YOUR INSTRUCTIONS -> From the first line to the last, retype everything below exactly, minus the pictures.

AVAILABLE DATA ->
┄┄┄┄┄┄┄┄┄┄

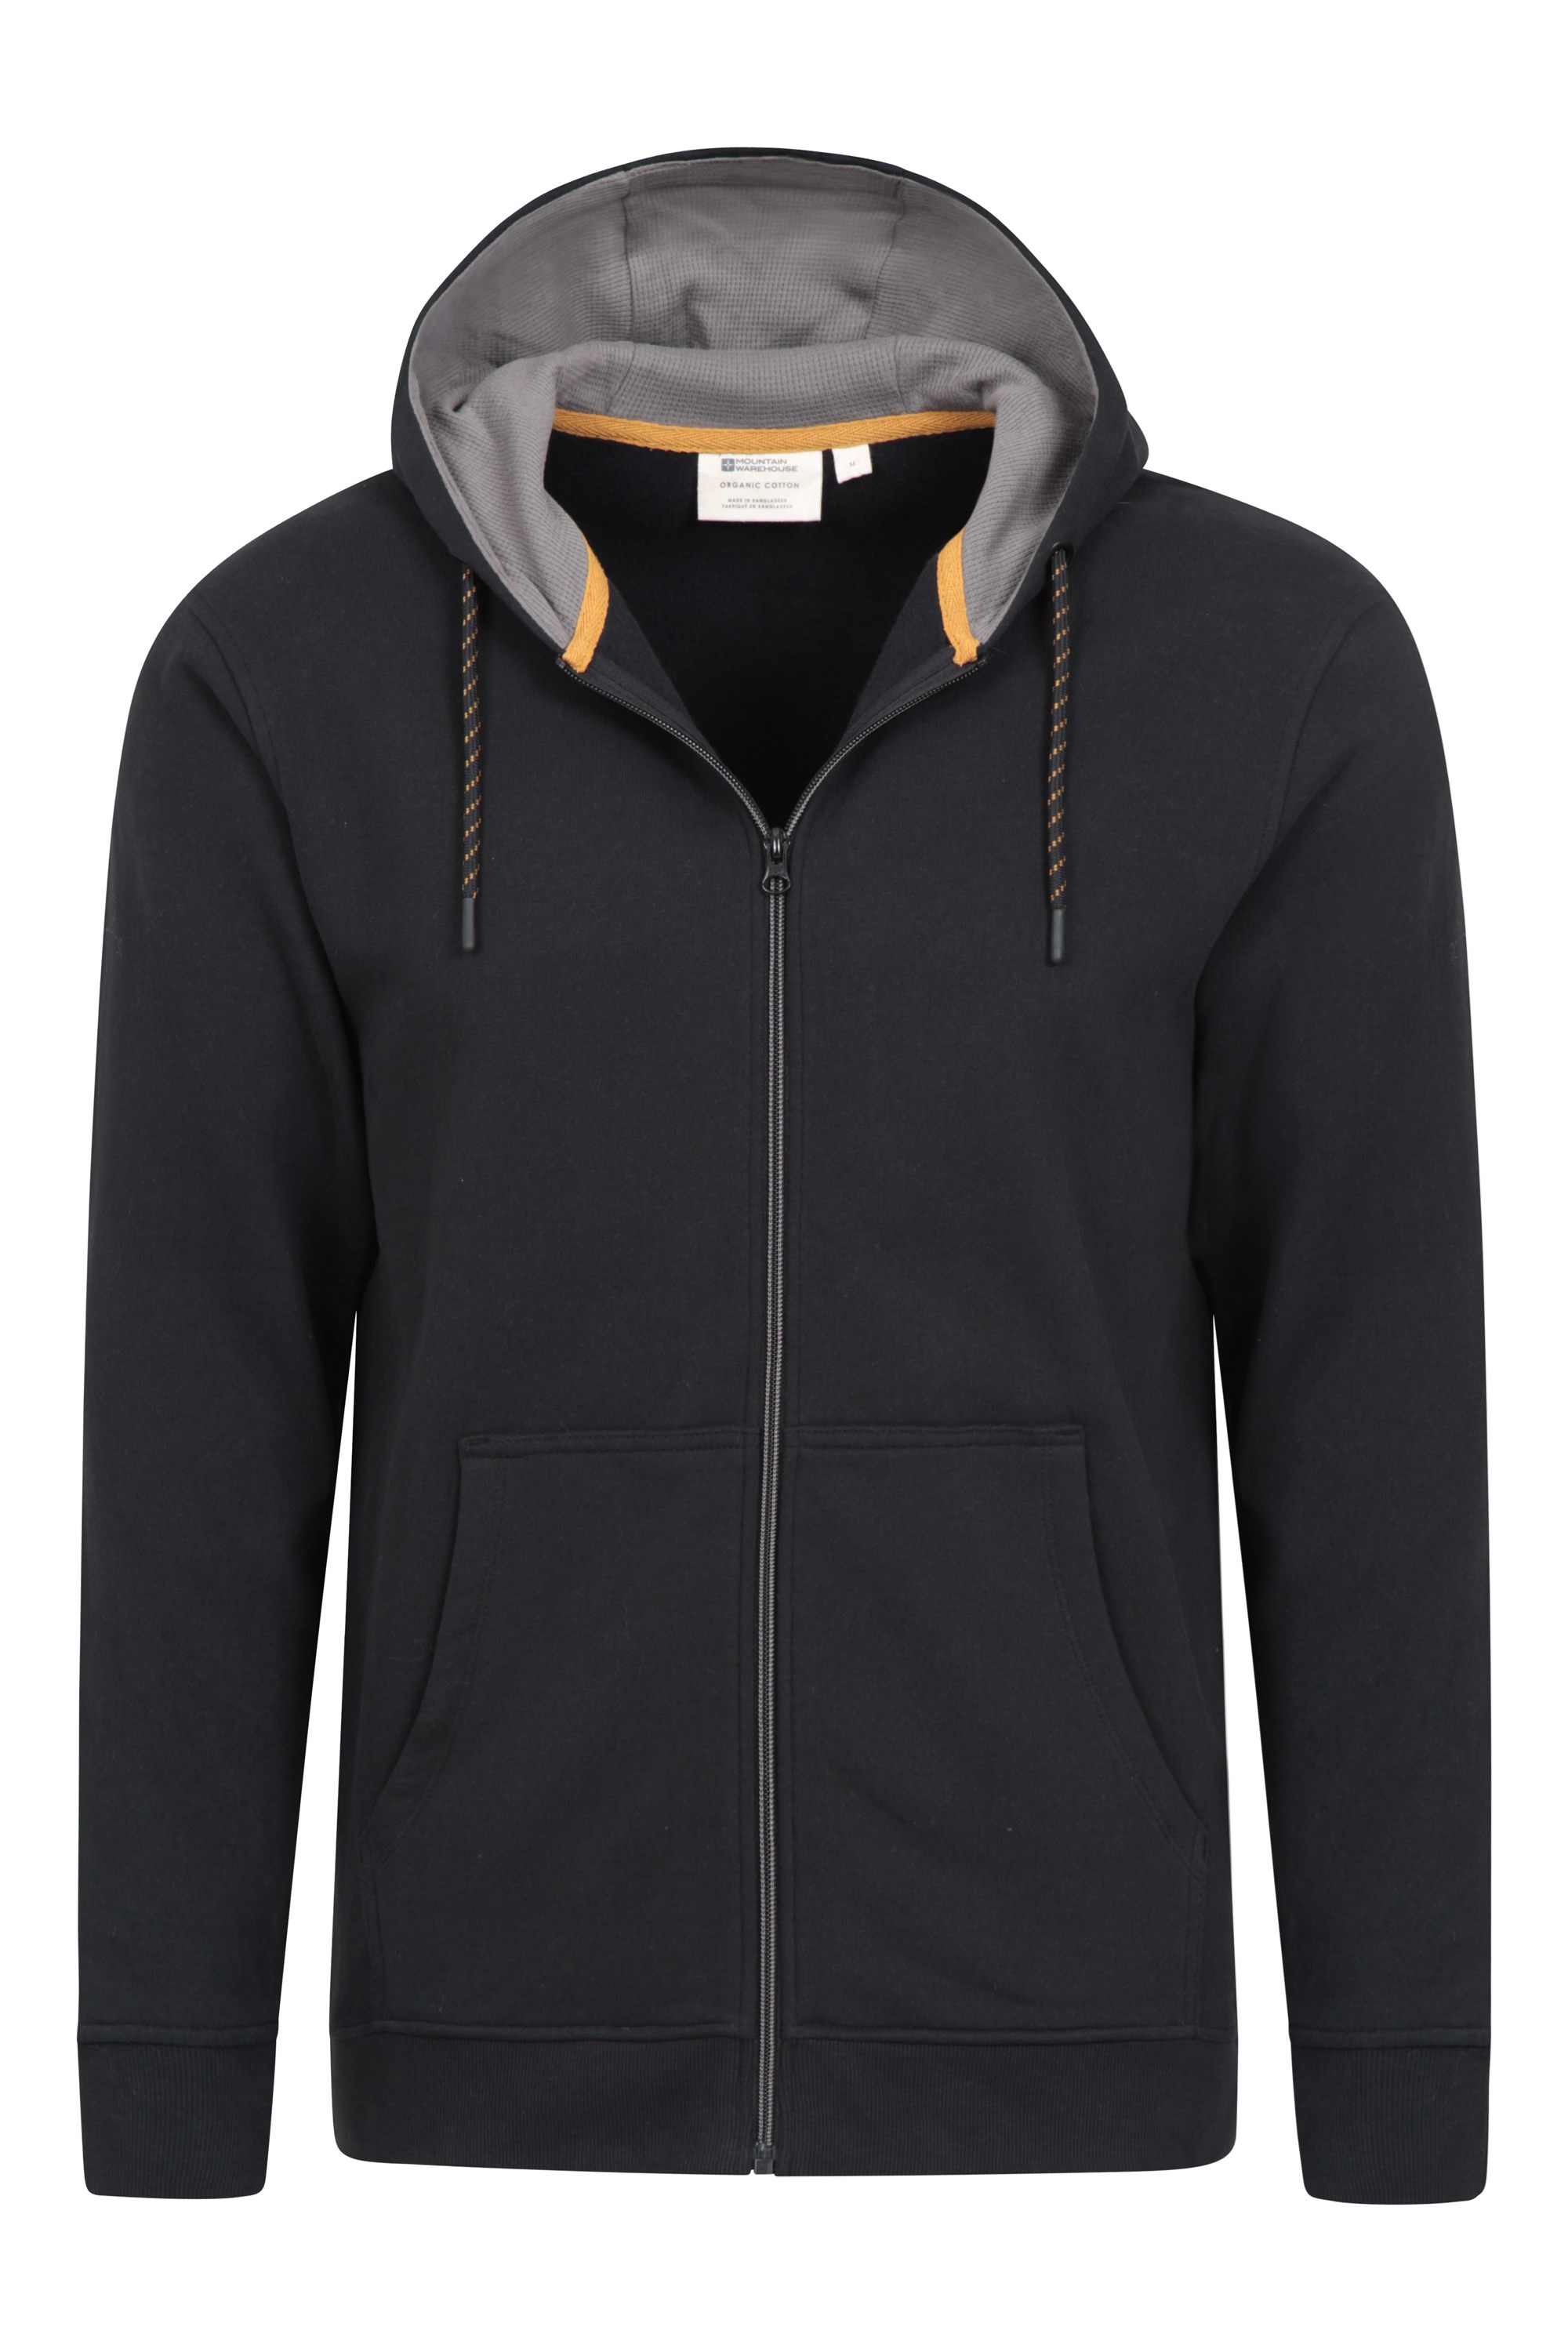 GRMO Men Outdoor Zip Up Long Sleeve Hooded Sweatshirt Jackets Caot 
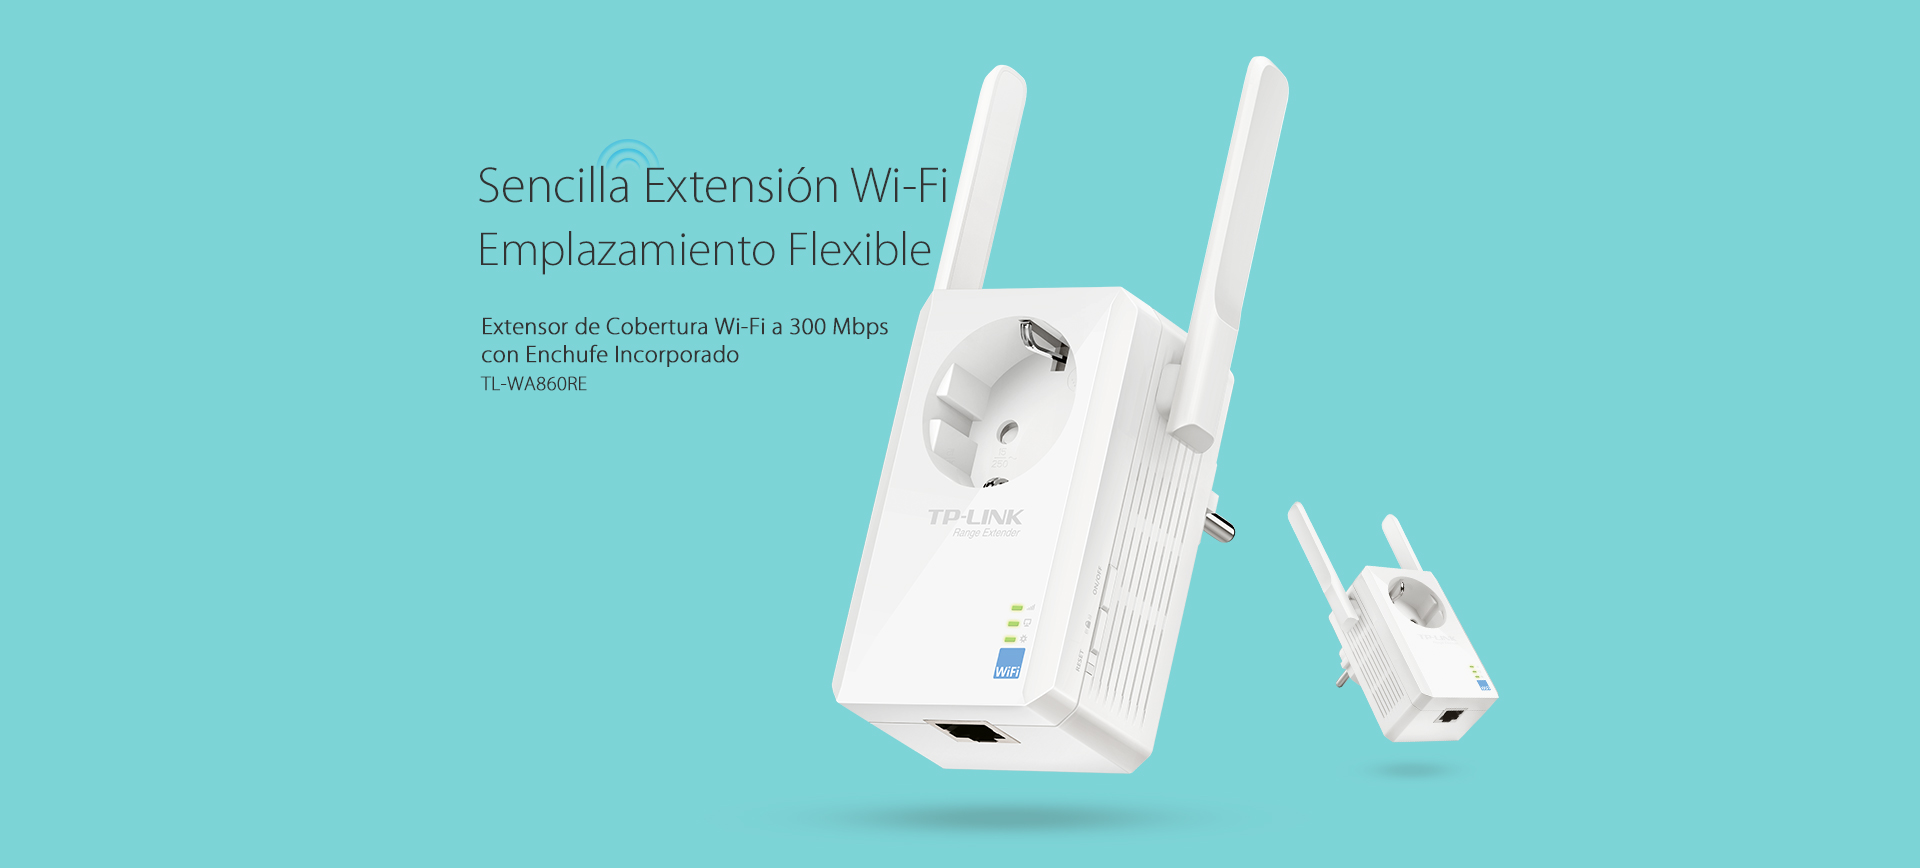 TL-WA860RE, Extensor de Cobertura Wi-Fi a 300 Mbps con Enchufe Incorporado
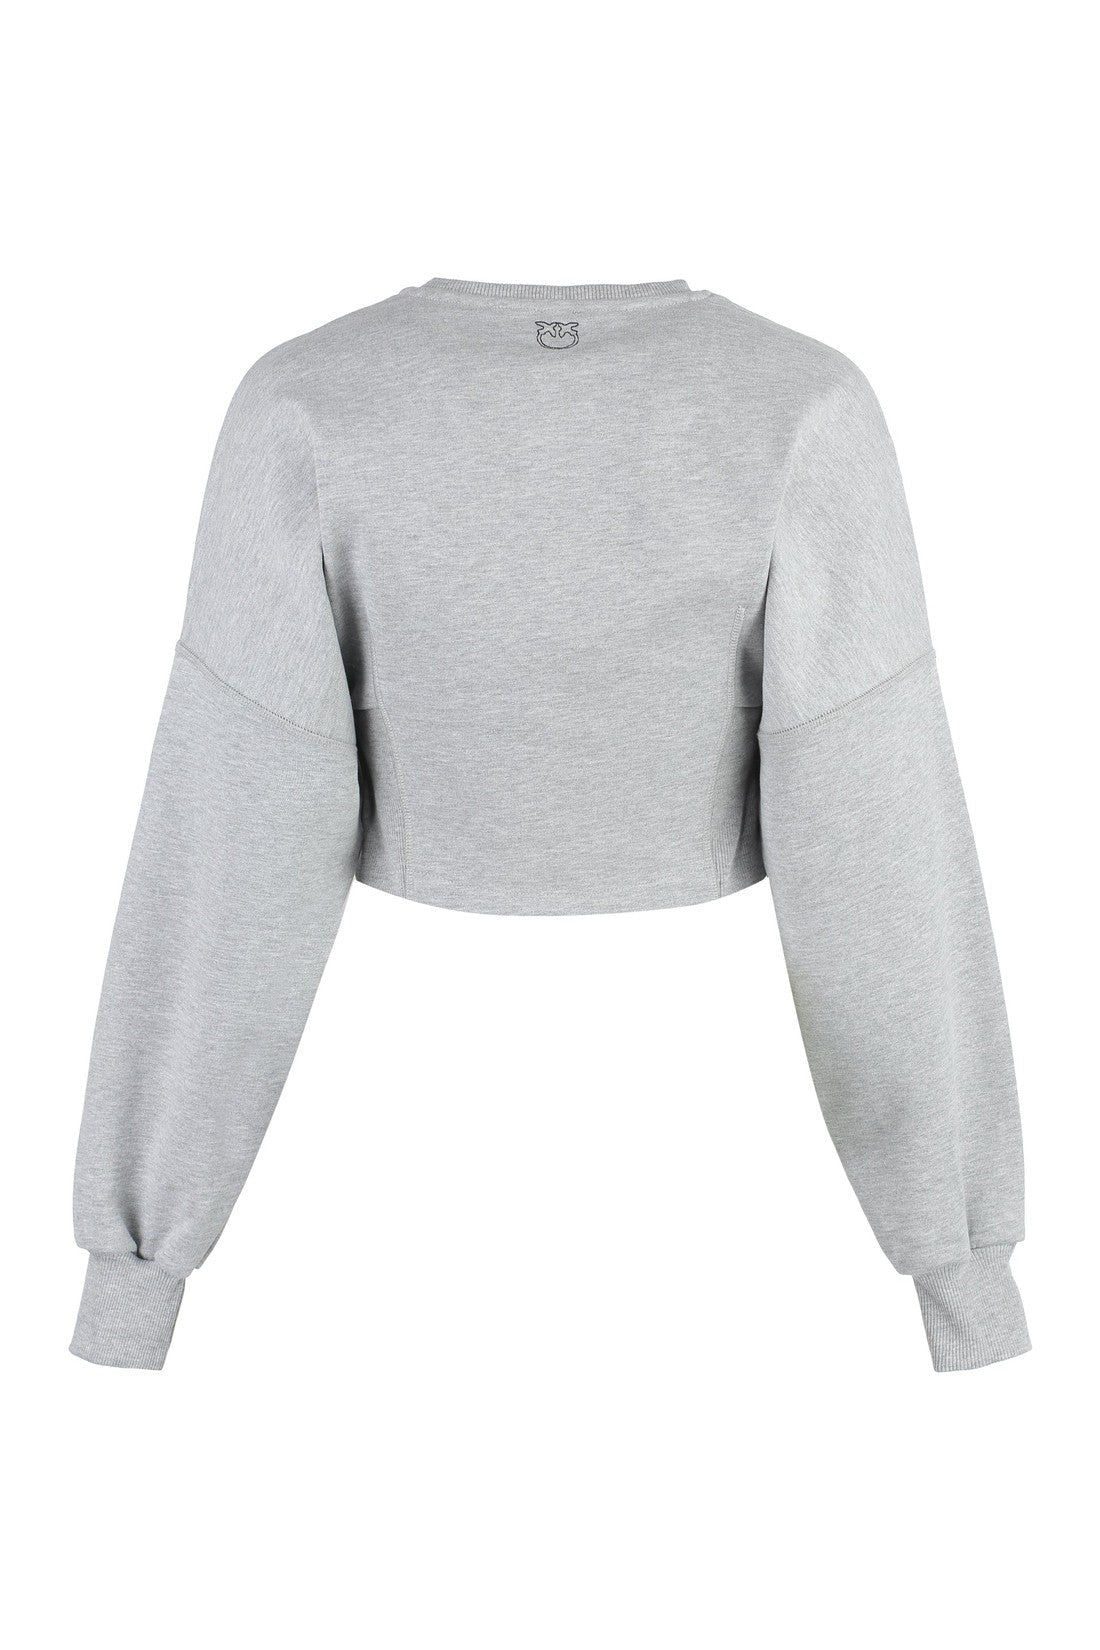 Pinko-OUTLET-SALE-Cotton crew-neck sweatshirt-ARCHIVIST

┄┄┄┄┄┄┄┄┄┄

EXERCISE RESPONSE ->
 GRMO Men Outdoor Zip Up Long Sleeve Hooded Sweatshirt Jackets Caot 
 TL-WA860RE, Extensor de Cobertura Wi-Fi a 300 Mbps con Enchufe Incorporado
 Pinko-OUTLET-SALE-Cotton crew-neck sweatshirt-ARCHIVIST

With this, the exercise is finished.